# removing truvativ ruktion cranks to fit a chain guide



## ro55 (May 19, 2009)

hi any one know how to remove truvativ ruktion double cranks with an external Howitzer bottom bracket so i can mount a chain guide. cheers


----------



## brillantesdv (Oct 24, 2007)

what kind of chainguide...

you might need a Park Tool BBT-9 or similar tool to remove the BB. 

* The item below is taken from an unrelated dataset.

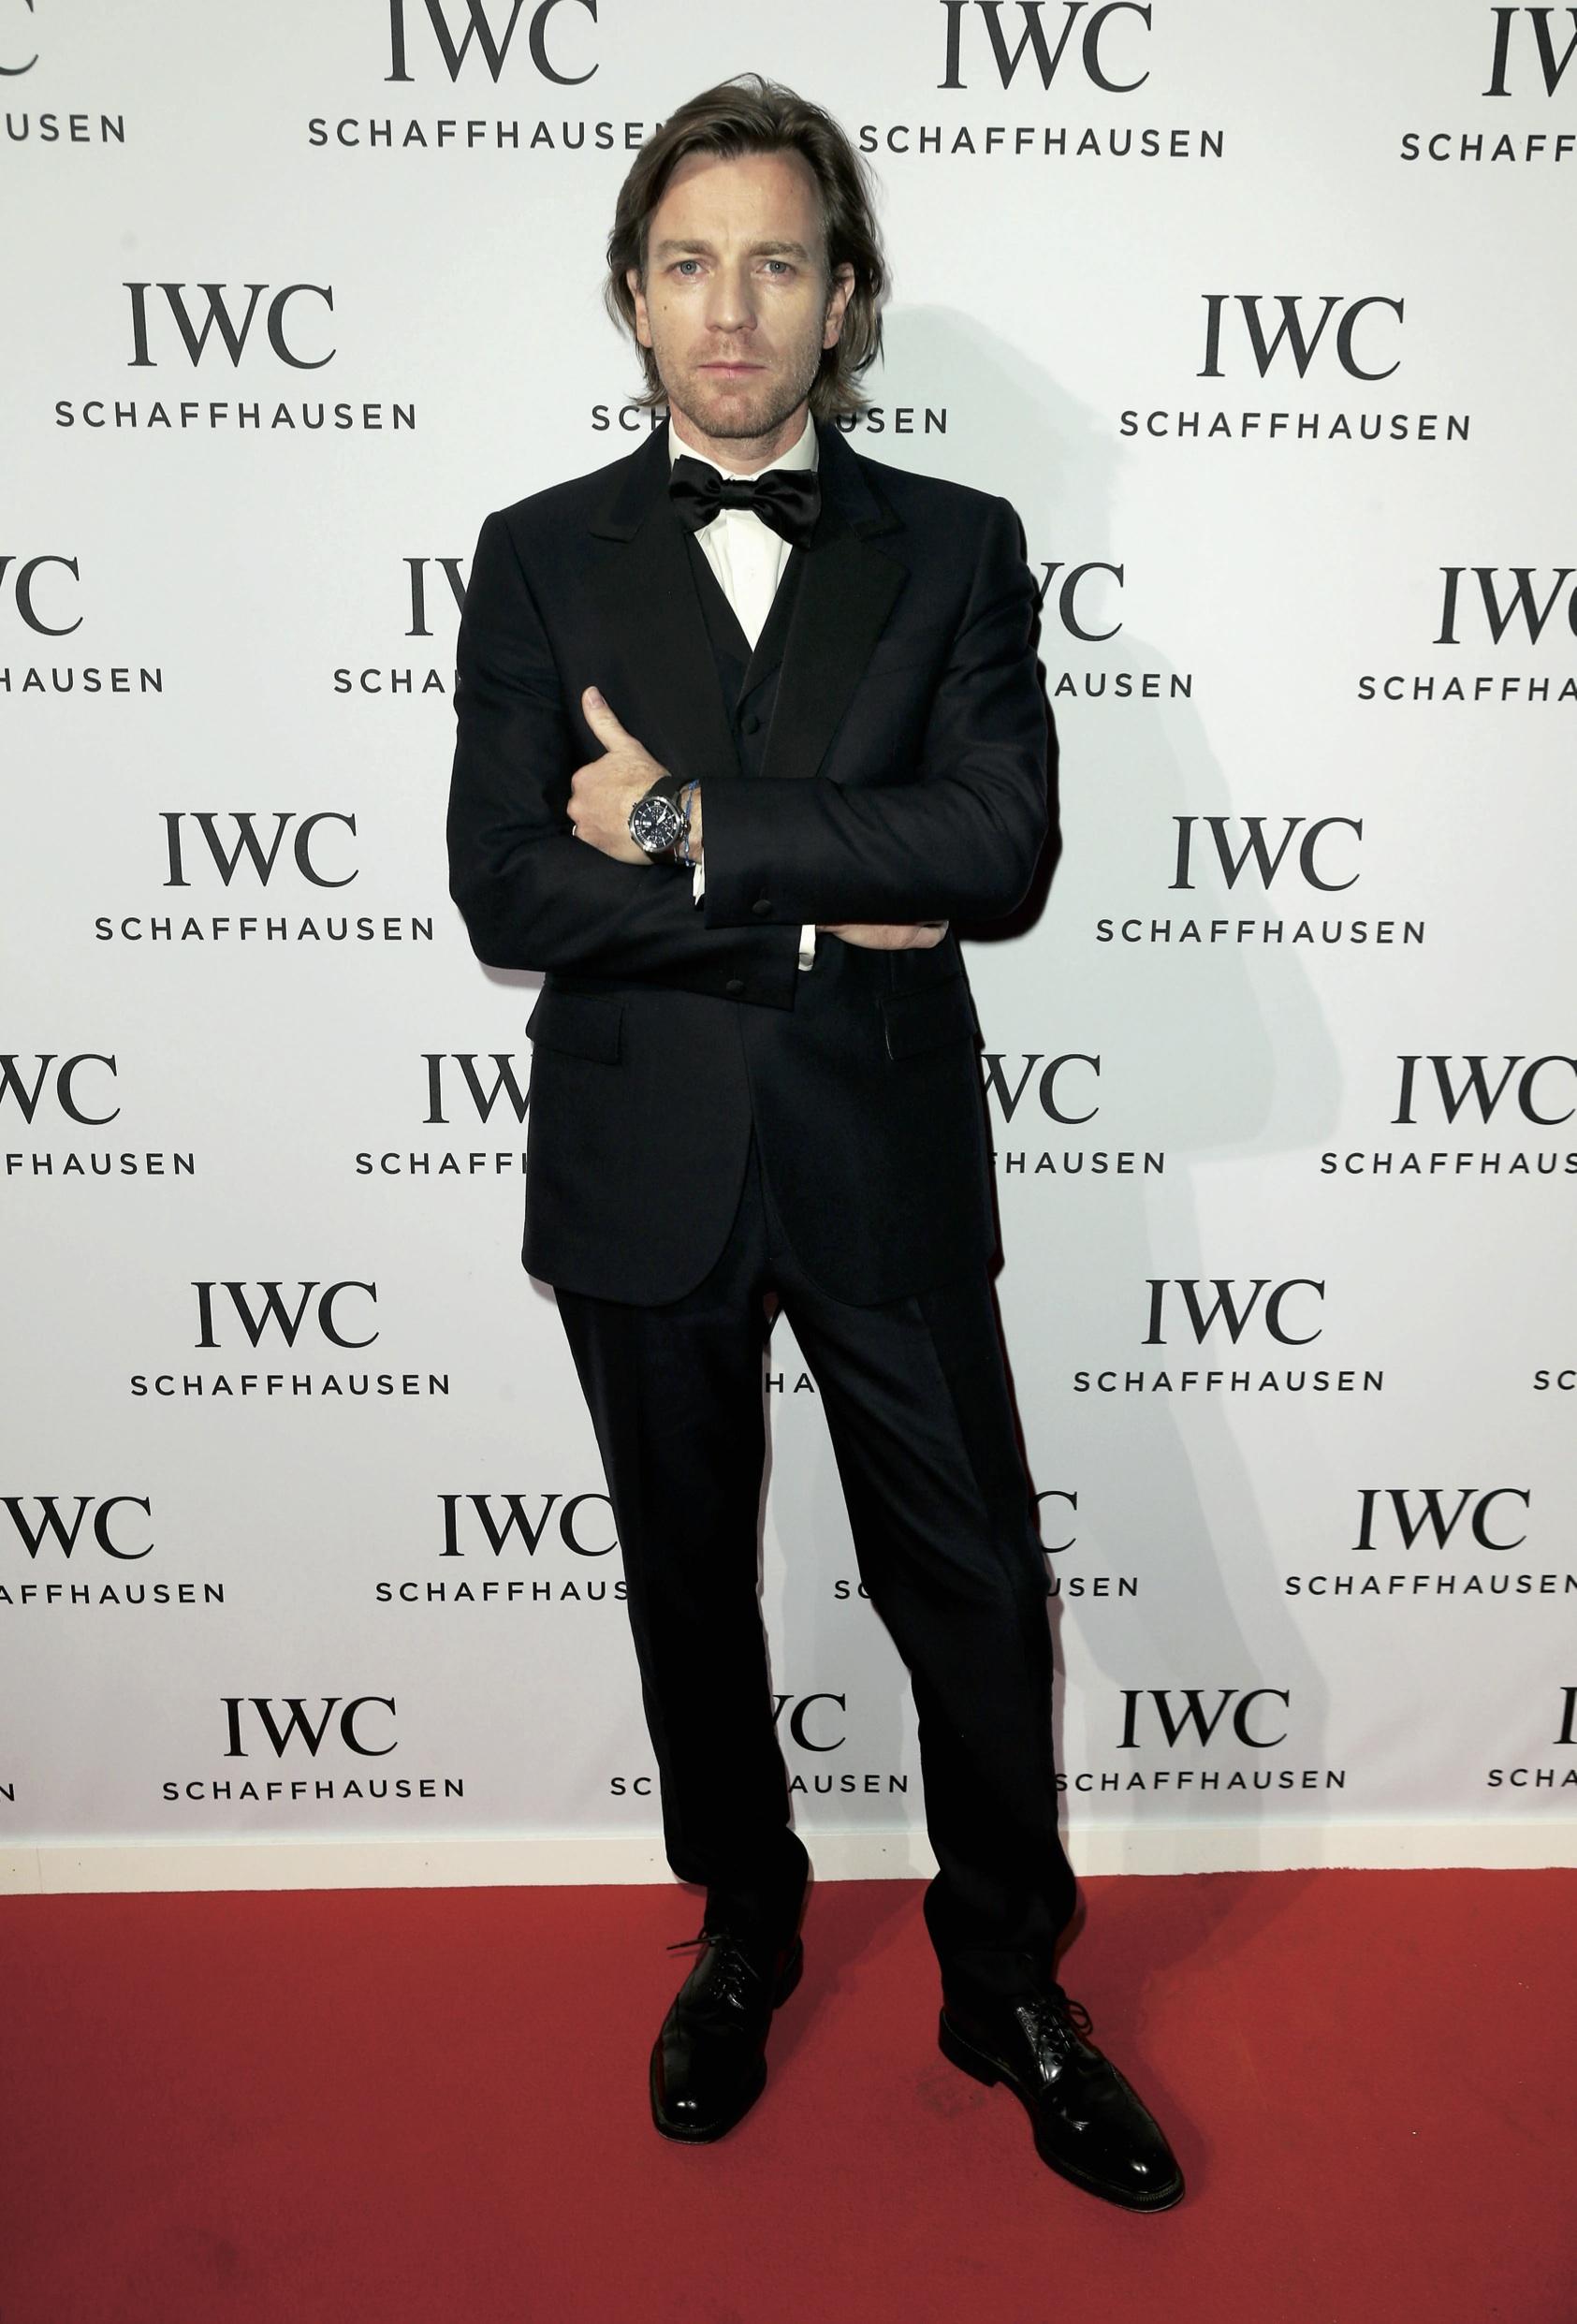 Ewan McGregor in IWC.
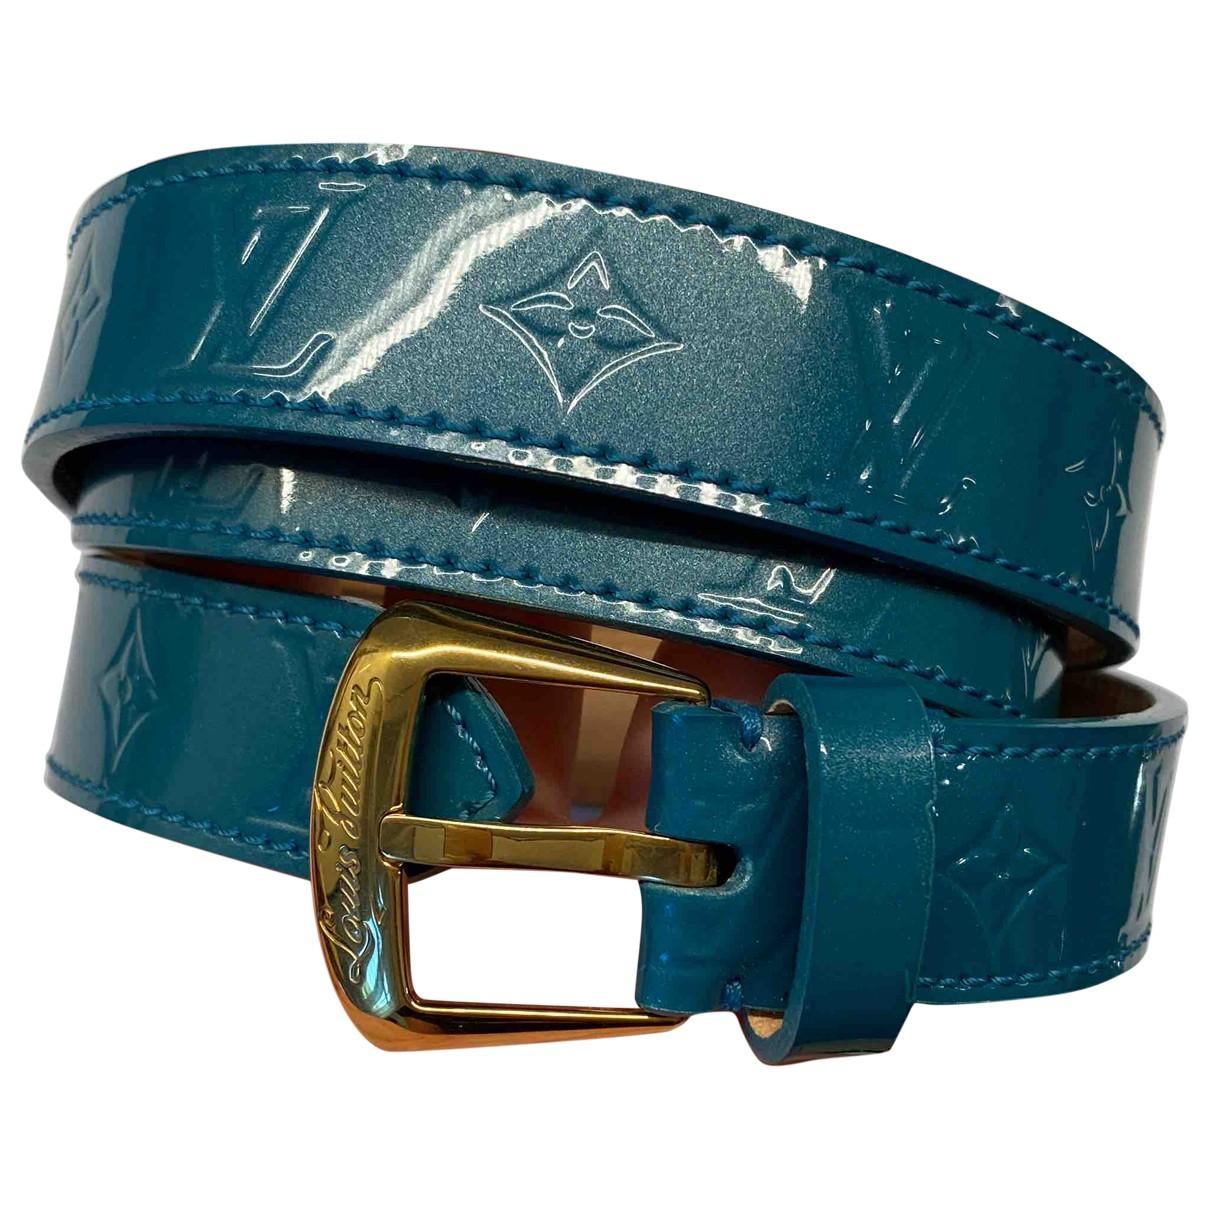 Cinturon de Charol Louis Vuitton

the crank uses a self extracting bolt if i recall correctly, so not special tool needed.


----------



## boogenman (Sep 22, 2006)

and this if you need to remove the BB


----------



## philw86 (Jul 18, 2005)

I don't believe that the Ruktions use a self extracting bolt. You'll need the tool(s) listed above. It is also critical to make sure that you stick with the stock spacing guidelines in the manual (search Sram's tech page) and that you torque the crank bolts to the proper torque settings. I'd check the bolts a few times to make sure they're staying tight, as many people end up losing a crankarm when the bolts aren't on there, and then round out the spline interface...


----------



## Cantil3v3r (Jan 14, 2009)

I have the ruktion's and did this a few weeks ago. Remove the bolt on each side, and as Boogenman said use the CCP-44 crank puller for a splined bottom bracket. Once the cranks are off then use the above BBT-19 or any one of a number of external bottom bracket wrenches like the Park BBT-9 or other brands have them as well. As was stated above if you go on the SRAM tech page you can get a printout of the bottom bracket and will give you the information for spacers as well. I have an MRP G2 with these cranks and it all works fine.


----------



## dirttrax (Apr 23, 2009)

I have the same crankset. I have removed mine various times and would suggest just using your hand to pull the crank arms off before buying an extractor. They slip on/off easy and only require you to remove the 8mm allen bolt. I would however suggest using a BB wrench instead of a BB socket as some of the sockets are not deep enough to clear the crank splines on the BB. As you loosen one side of the BB, the splined rod will usually pull out of that side or the other.


----------